L’affermazione cara agli autori sinistroidi, che una società senza classi sociali sarebbe auspicabile, perché considerano la proprietà un furto, pretendono di far ricadere la colpa dell’invidia su chi l’ha provocata, sospingendo così, da oltre cento anni, i ceti medi e superiori verso i movimenti radicali di sinistra, colpiti dagli effetti demoralizzanti e dall’acuto senso di colpa, che una società di uguali possa non fornire pretesti al manifestarsi dell’invidia stessa.

Una società simile sarebbe una società paralizzata, non potrebbe permettere alcuna innovazione e non sarebbe in grado neanche di salvaguardare le differenze tra minorenni e adulti, infatti, basta la gerarchia dell’età, presente in ogni società, per far naufragare l’utopia degli egualitari.

L’ingratitudine è il primo sintomo dell’invidia, che in maniera occulta o velata si manifesta, anche nei confronti di un benefattore. L’ingenuo e l’invidioso sono gli opposti che si attraggono.
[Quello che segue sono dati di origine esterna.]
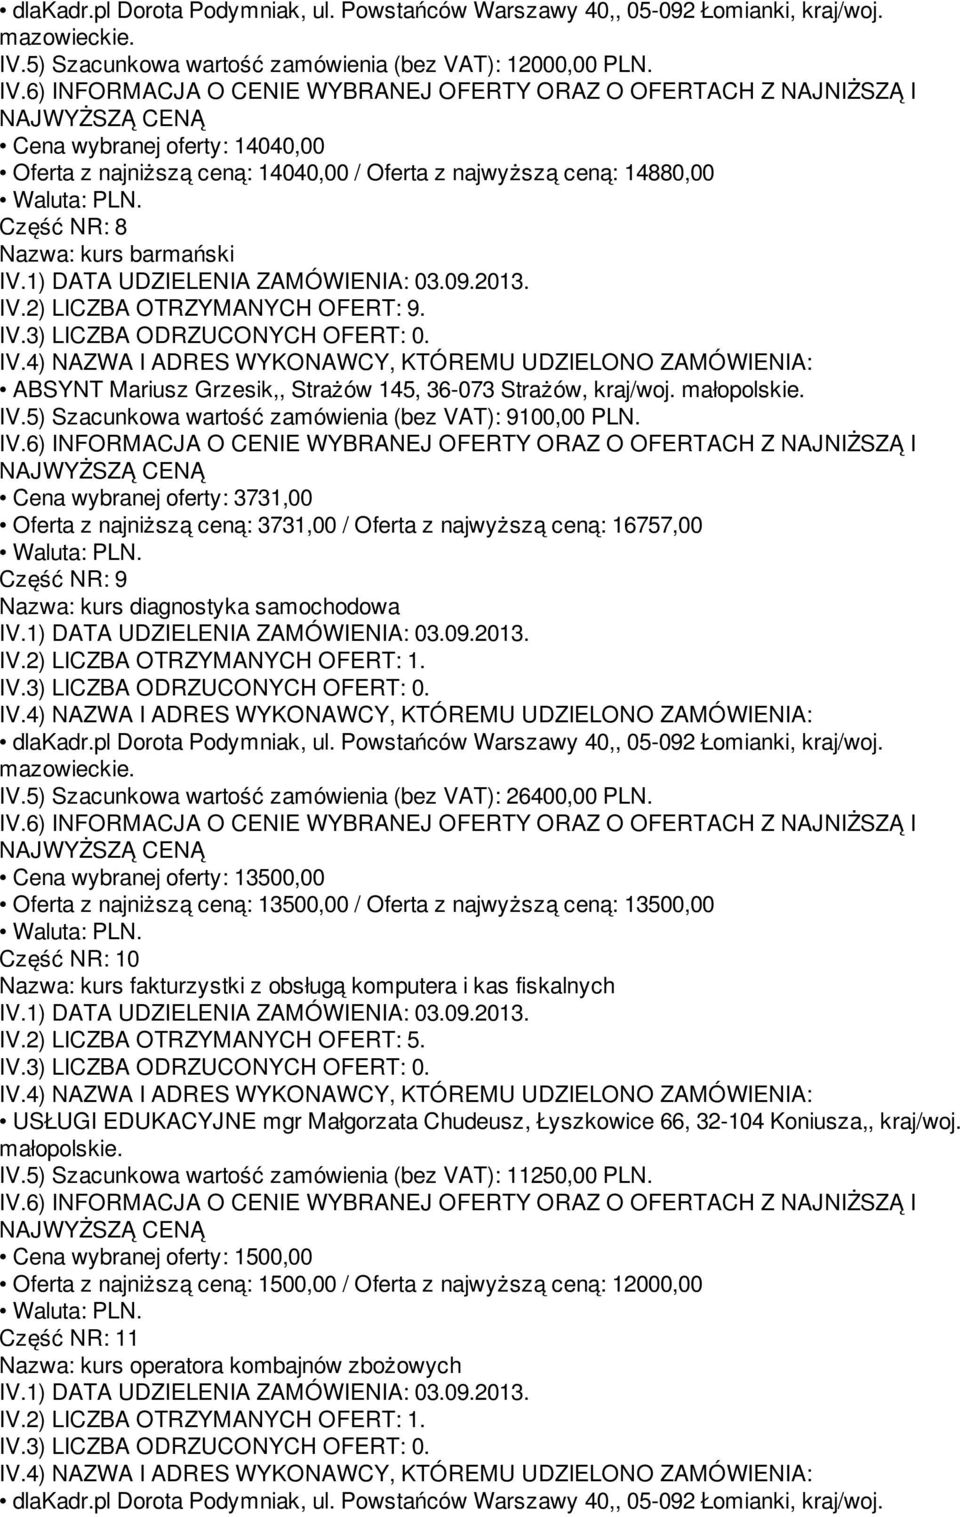 ABSYNT Mariusz Grzesik,, Strażów 145, 36-073 Strażów, kraj/woj. IV.5) Szacunkowa wartość zamówienia (bez VAT): 9100,00 PLN.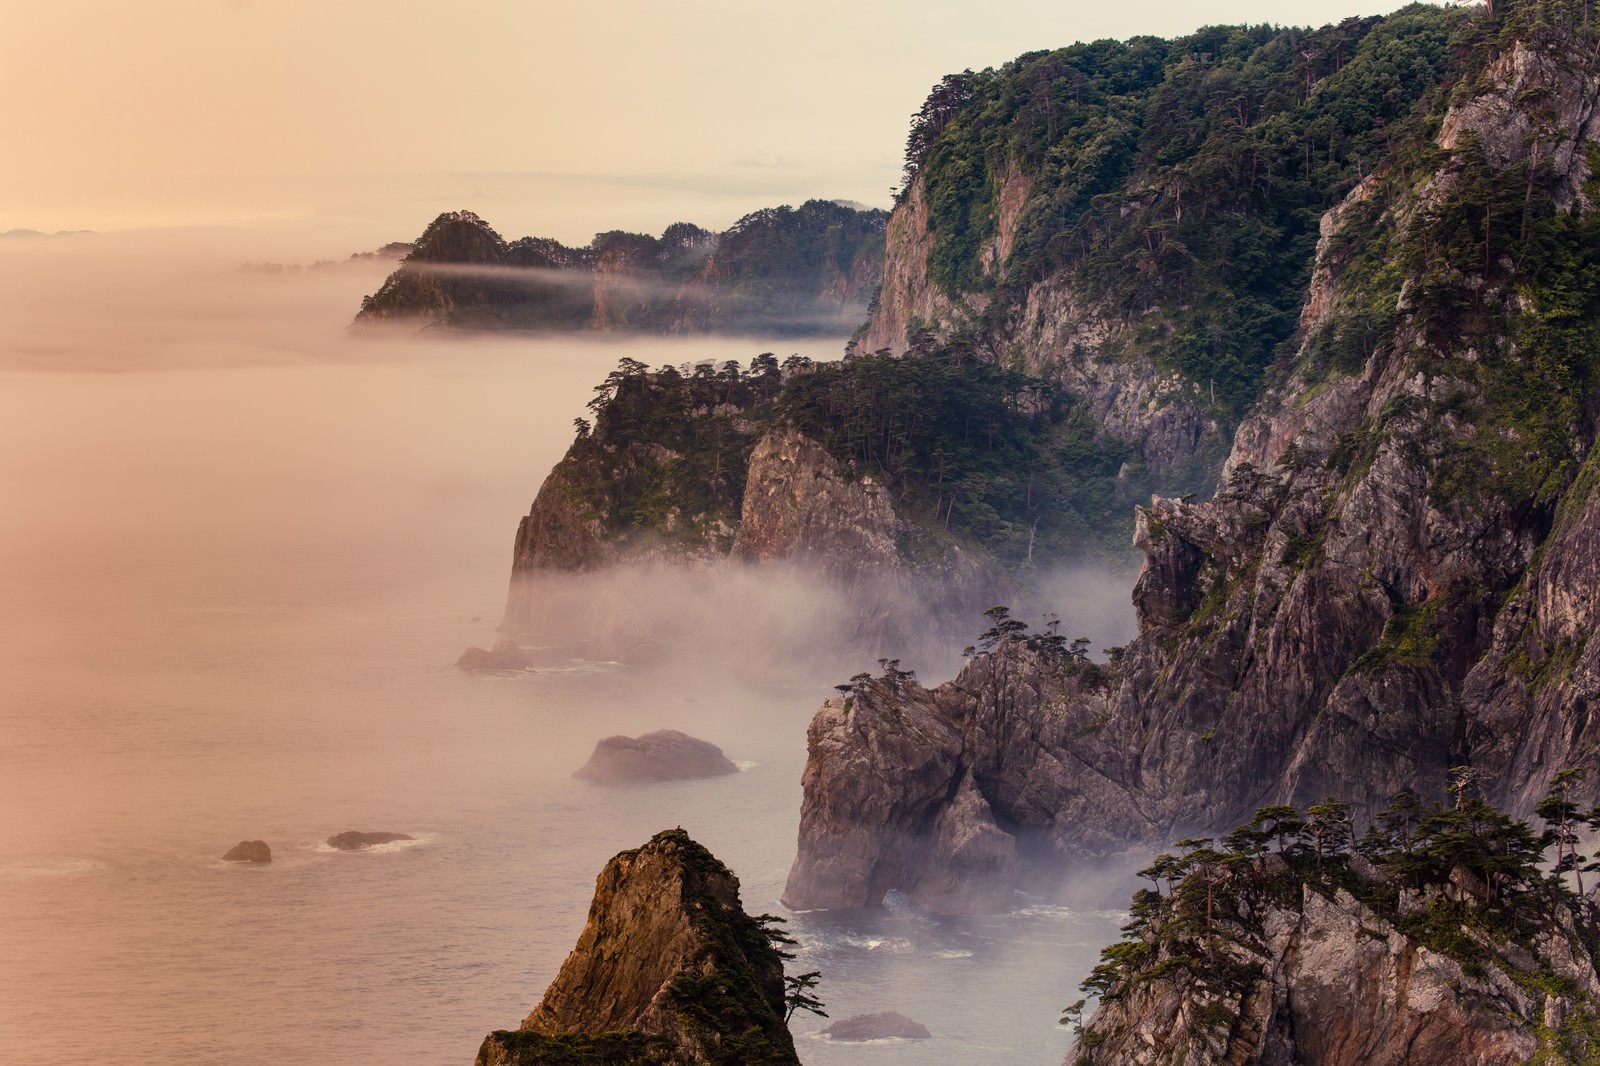 「朝霧残る北山崎の夜明け | フリー素材のぱくたそ」の写真

Nelle società europee, dalla metà del XIX secolo, la forza disgregatrice dell’invidia si nascondeva dietro formule moderne e democratiche, che si traducevano in politiche volte a placare e a livellare gli ambienti più inclini all’invidia, anziché considerare il fondamentale principio fondamentale di essere tutti uguali di fronte alla legge.
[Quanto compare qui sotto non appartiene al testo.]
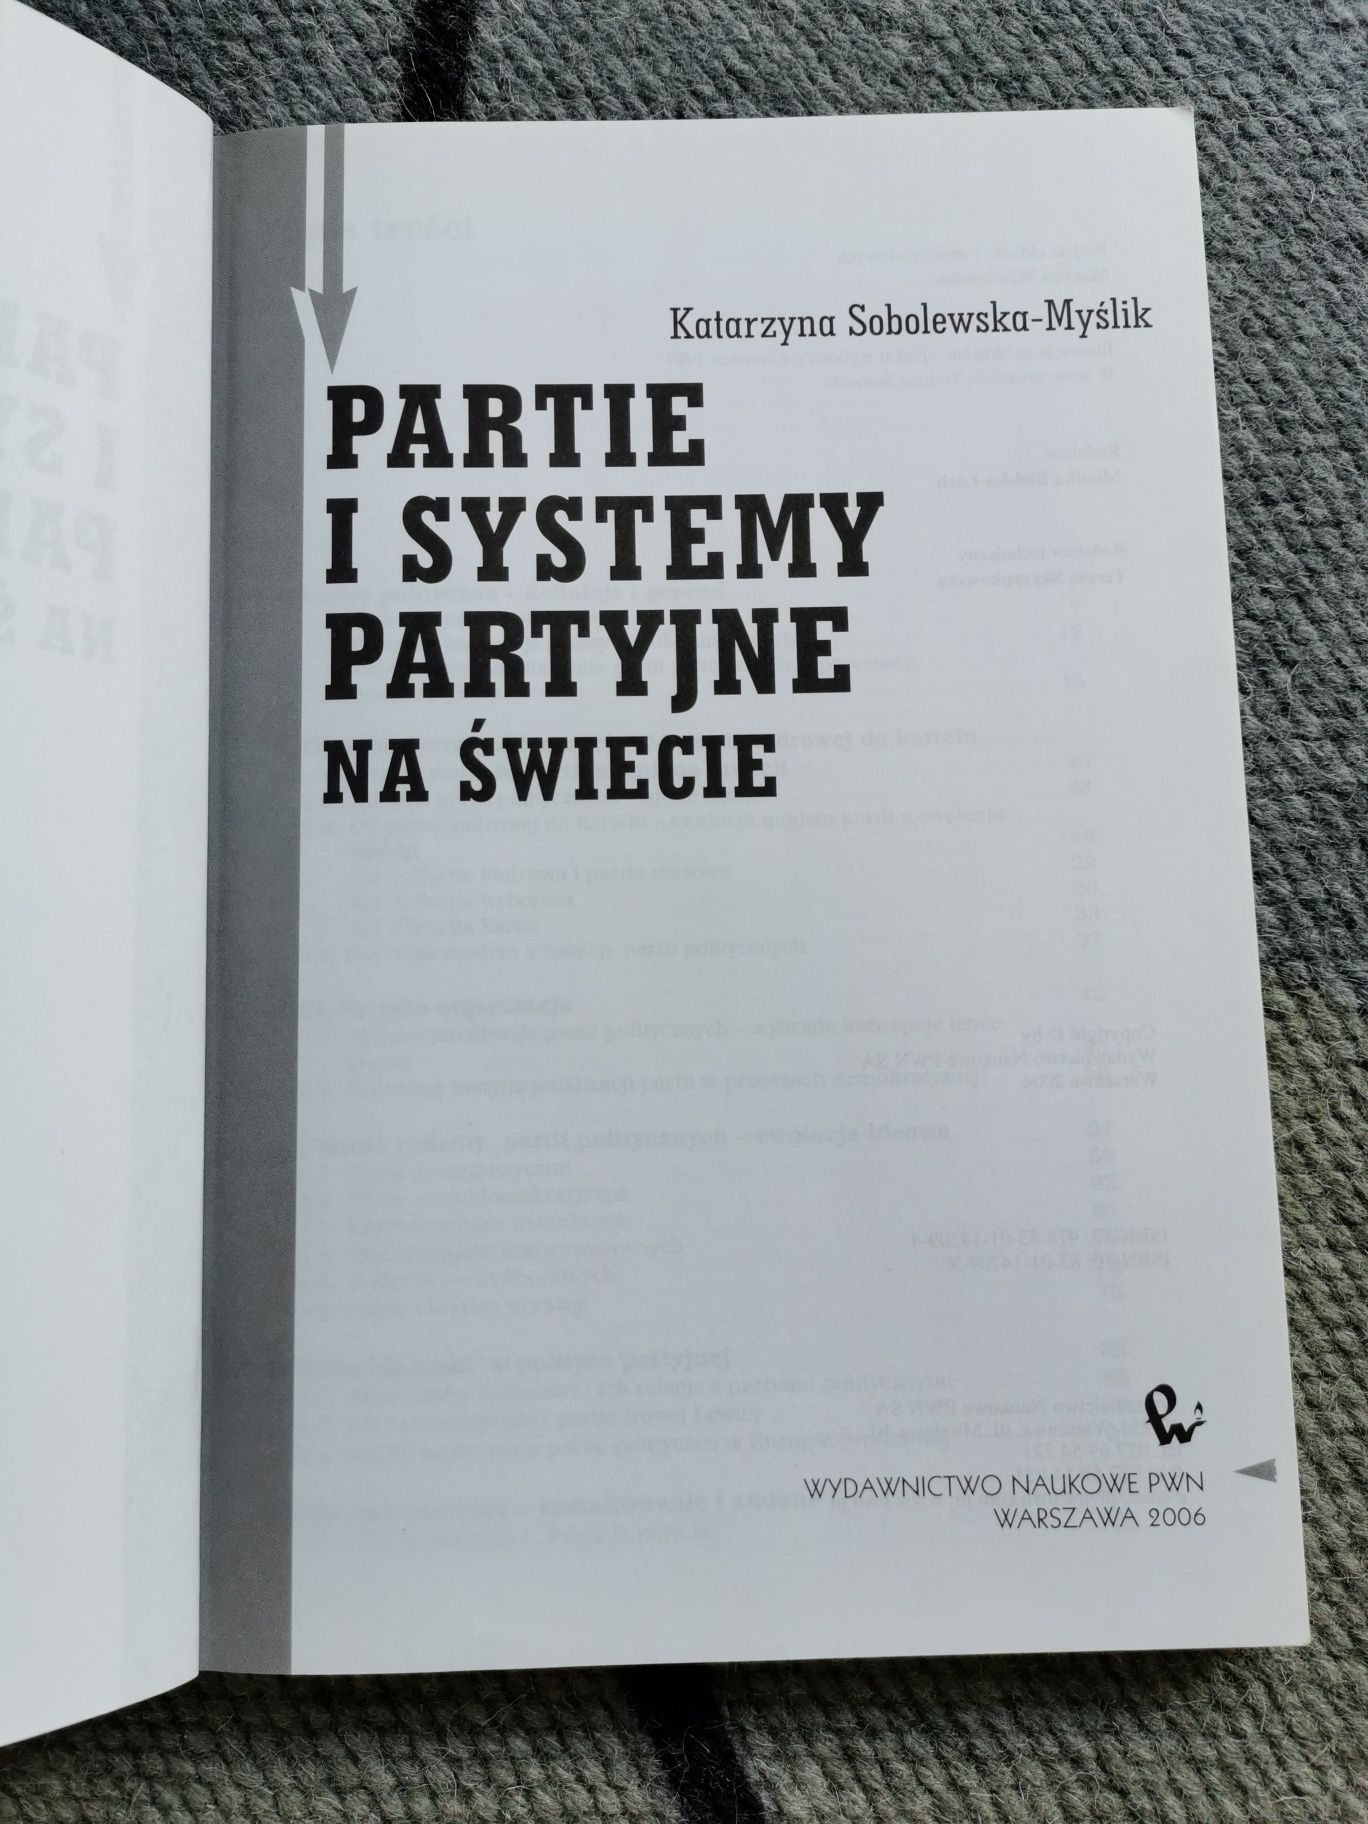 Partie i systemy partyjne - Katarzyna Sobolewska-Myślik

Ogni qualvolta che entrano in gioco le concezioni utopistiche di una società esente dall’invidia, dove è preminente il desiderio di uguaglianza e di giustizia sociale, tanto caro ai socialisti, inevitabilmente si arriverà alla paralisi e alla distruzione di ogni forma di vita economica e politica, come a Cuba e in Venezuela.

Durante il ventennio tra il 1935 e il 1955, nel mondo occidentale vennero utilizzati strumenti macroeconomici che si rifacevano alla teoria dell’equilibrio economico generale di stampo keynesiano, quindi alla determinazione della capacità produttiva e redistributiva del sistema nel suo complesso, con l’obiettivo di massimizzare il benessere della comunità tutta.

Questo dogma non vuole tanto il benessere quanto impedire la formazione di singole maggiori fortune, viste come la causa della sfortuna dei gruppi di reddito inferiori. Con questi presupposti ideologici, l’invidia dei gruppi di reddito inferiore non poteva che trovare soddisfazione nella progressività delle tasse, per colpire e le fasce di reddito superiori. La giustizia sociale impone che tutti debbano possedere meno e punire le classi di reddito elevato, per mezzo dell’inuguaglianza fiscale, per placare gli invidiosi, che prestano attenzione su qualsiasi cosa possa procurare maggiore felicità ad altri.

L’Economia del benessere (il welfare odierno), per trovare attuazione, concepisce il ruolo centrale dell’attività dell’apparato statale, non come fonte di valori autonoma, ma come aggregato delle volontà individuali, che per avere una riduzione generalizzata dell’invidia, punta a politiche fiscali volte a colpire gruppi dai redditi più alti.

Esiste anche un’invidia delle distanze, che si manifestata in quei soggetti dal reddito un po’ più alto, che non riescono a sopportare che possano diminuire la distanza da chi, in precedenza, aveva redditi più bassi, o condizioni lavorative peggiori. Il mondo sindacale e professionale sono gli esempi migliori.

Il socialismo è considerato il punto di arrivo dell’evoluzione della morale, quale risposta al problema delle disuguaglianze, che traggono origine dall’evoluzione capitalistica e industriale moderna. I suoi aderenti non sanno che la loro concezione è esistita fin dalle fasi primitive della vita sociale, non si rendono conto che l’uomo sente una fortissima invidia quando tutti sono uguali: quando non c’è nulla da ridistribuire, l’uomo grida alla ridistribuzione.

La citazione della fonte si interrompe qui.